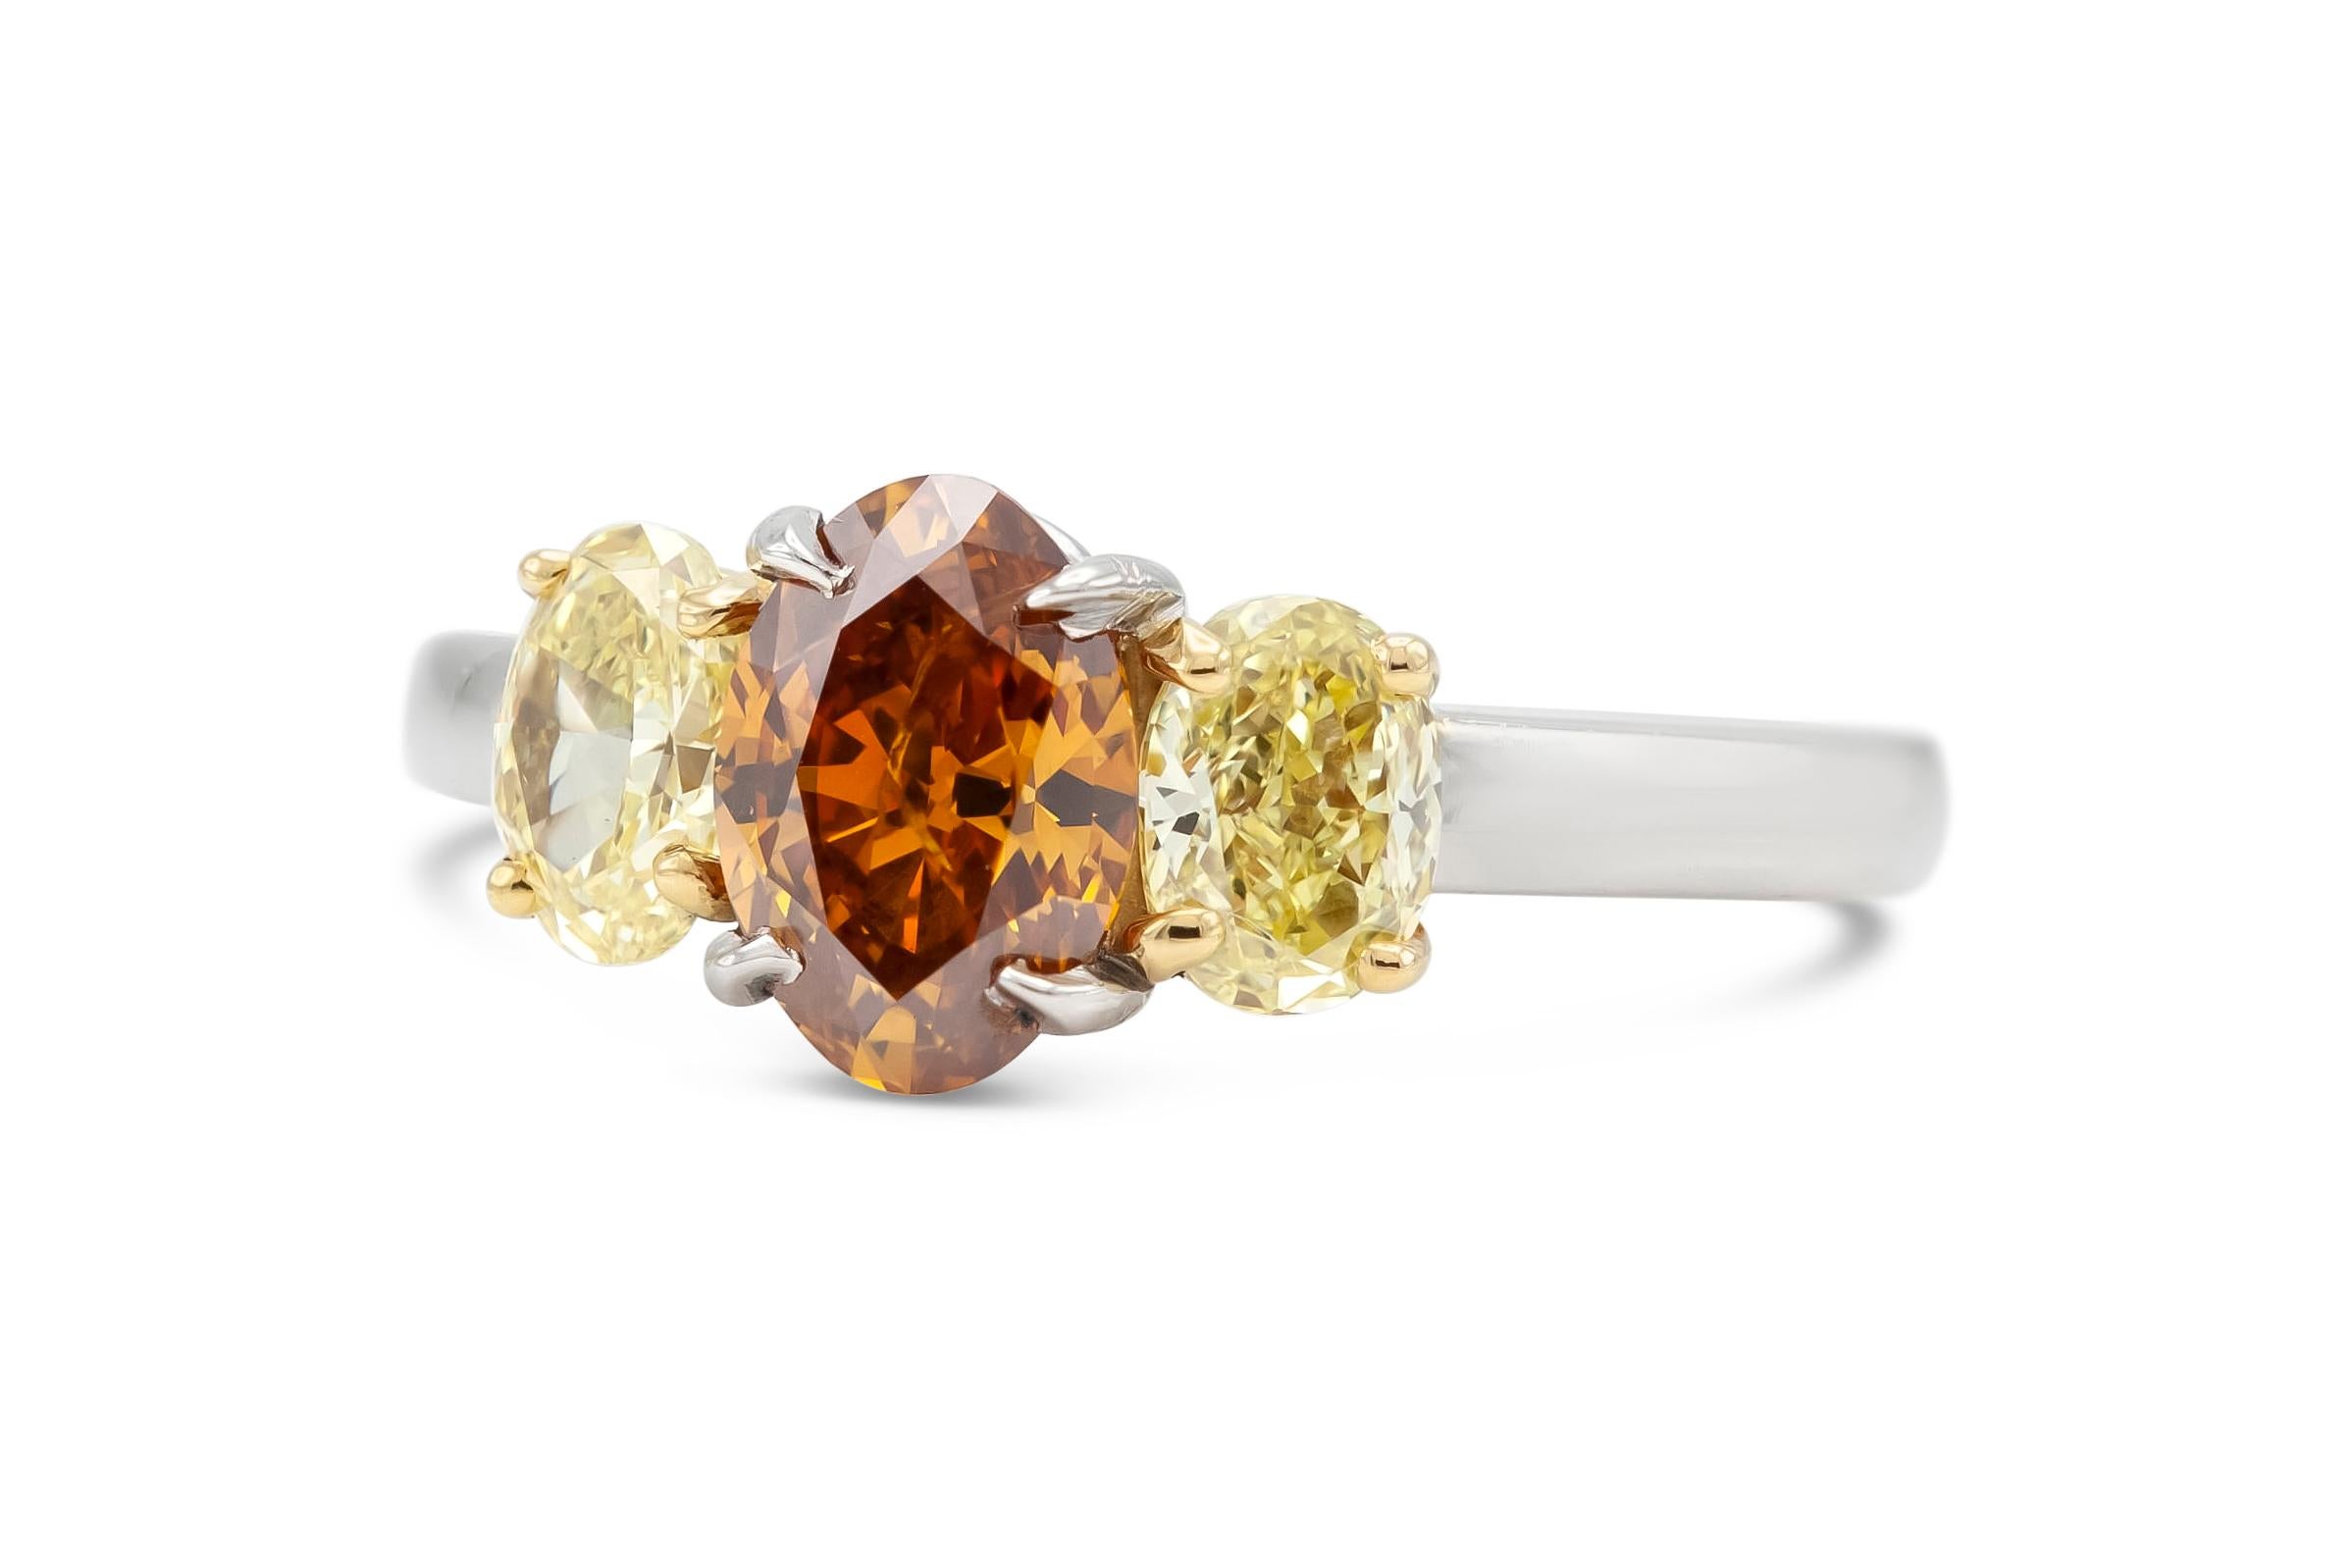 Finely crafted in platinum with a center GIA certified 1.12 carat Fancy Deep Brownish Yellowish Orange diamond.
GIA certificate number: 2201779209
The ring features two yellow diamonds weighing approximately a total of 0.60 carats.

*****

Exercise objective:
The pictures are not wanted, but every line of the listing should be duplicated exactly.

Response to this exercise:
 Finely crafted in platinum with a center GIA certified 1.12 carat Fancy Deep Brownish Yellowish Orange diamond.
GIA certificate number: 2201779209
The ring features two yellow diamonds weighing approximately a total of 0.60 carats.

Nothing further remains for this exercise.